Question

Write a polynomial function f of least degree that has a leading coefficient of 1 and the given zeros. \(-6,0,3-\sqrt{5}\)

Short answer

The polynomial function of least degree with a leading coefficient of 1 and given the roots -6, 0, and \(3-\sqrt{5}\) is \(f(x) = x^4+24x\).

Step-by-step solution

Understanding the Root Pair

We first note that there is an irrational root \(3 - \sqrt{5}\) . For a polynomial with real-coefficients, the conjugate of this root, \(3 + \sqrt{5}\) must also be a root.
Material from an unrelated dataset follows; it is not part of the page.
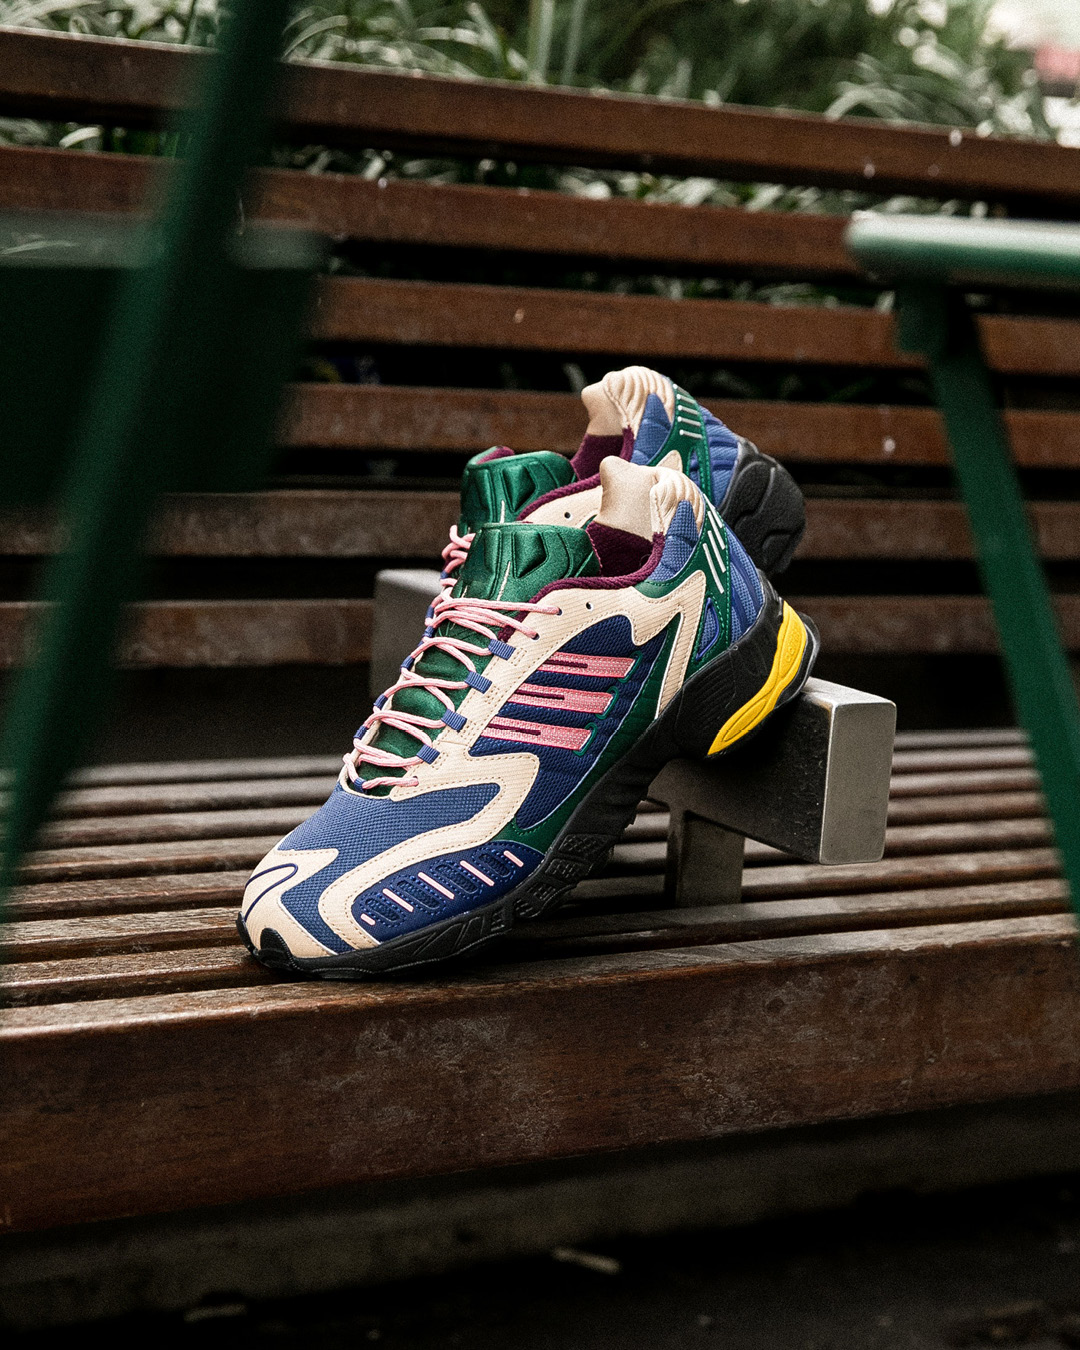 West NYC on Twitter: "Initially released as an update to the early-2000s @ adidas #Torsion Trediac #trailrunner, the TRDC adopts its predecessor's rugged, aggressive attitude. Available in Tech Indigo/Glory Pink/Collegiate Green, online

Construct Polynomial from Roots

We next construct the polynomial from the roots. This is done by setting each factor of the polynomial equal to 0 and solving for x, giving us: \(f(x) = (x+6)(x)(x-3+\sqrt{5})(x-3-\sqrt{5})\).

Simplify Polynomial

The next step is to simplify the polynomial by multiplying the terms out. For this we will first multiplies the last two factors to remove the square root term: \(f(x) = (x+6)(x)((x-3)^2 - \sqrt{5}^2)\). Which simplifies to: \(f(x) = (x+6)x(x^2 - 6x + 9 - 5)\) and finally: \(f(x) = (x+6)x(x^2 - 6x + 4)\).

Expanding Polynomial

Finally, we expand the polynomial by multiplying all the terms out: \(f(x) = x(x+6)(x^2-6x+4) = x(x^3-6x^2+4x+6x^2-36x+24) = x(x^3+24) = x^4+24x\).

Key concepts

Root Pairs

When dealing with polynomial functions, especially if they have real coefficients, it's essential to understand the concept of root pairs. If the polynomial has an irrational root (a root that involves a square root or any non-quadratic number), then its conjugate must also exist as a root. In simple terms, if you have a root in the form of \(a + \,\sqrt{b}\), you will also have \(a - \,\sqrt{b}\) as a root. This happens because real polynomial functions can't have roots that produce complex parts without their pairs balancing the equation when expanded.

• For the given root \(3 - \sqrt{5}\), its pair will automatically be \(3 + \sqrt{5}\).
• This guarantees that no complex or imaginary part remains in the final polynomial expression.

This ensures the polynomial remains real when expanded.

Leading Coefficient

The leading coefficient is the coefficient of the term with the highest degree in a polynomial function. In the polynomial created from given roots, it defines the overall orientation and scale of the graph. If you are asked to ensure that the leading coefficient is 1, it means the equation should not have any scalar multiplier affecting the highest degree term. This is often a requirement for simplicity and standardization. For the equation created using the roots given in the problem, we start with \(f(x) = (x+6)(x)(x-3+\sqrt{5})(x-3-\sqrt{5})\).

• Since each factor is multiplied together, and none of them has a leading coefficient other than 1, the overall leading coefficient of the polynomial naturally is 1.
• This means, in the expanded polynomial \(x^4+24x\), the term \(x^4\) correctly has a leading coefficient of 1.

This provides a standard form most polynomial applications require.

Real-Coefficients

Real coefficients are numbers that are not imaginary, meaning they have no imaginary component (involving \(i\), the square root of -1). For polynomials with real coefficients, if one root is irrational or complex, its conjugate must also be a root. This requirement ensures that when multiplied and expanded, any imaginary components cancel out, leaving an expression comprised entirely of real numbers.

• In this exercise, all coefficients are real, representing the fact that irrational roots and their conjugates will simplify to real coefficients when expanded.
• The simplified polynomial \(x^4+24x\) contains only real numbers.

This aligns with the expectation that polynomial functions used in most forms should be expressed in terms of real numbers.

Irrational Roots

Irrational roots are roots that cannot be expressed as simple fractions because they include irrational numbers. In our context, they involve square roots of non-perfect squares, resulting in non-repeating, non-terminating decimals. Given the root \(3 - \sqrt{5}\), this is an example of an irrational root as \(\sqrt{5}\) cannot be simplified to a rational number. Working with polynomials having real coefficients, if one irrational root is present, its conjugate, \(3 + \sqrt{5}\), also needs to be included.

• This ensures that when the polynomial is expanded, the irrational parts cancel each other.
• When roots \((x - 3 + \sqrt{5})(x - 3 - \sqrt{5})\) are expanded, they simplify to a form containing only real numbers.

Understanding how to manage irrational roots is essential for forming correct polynomial functions that meet given criteria without leaving irrational numbers in the coefficients.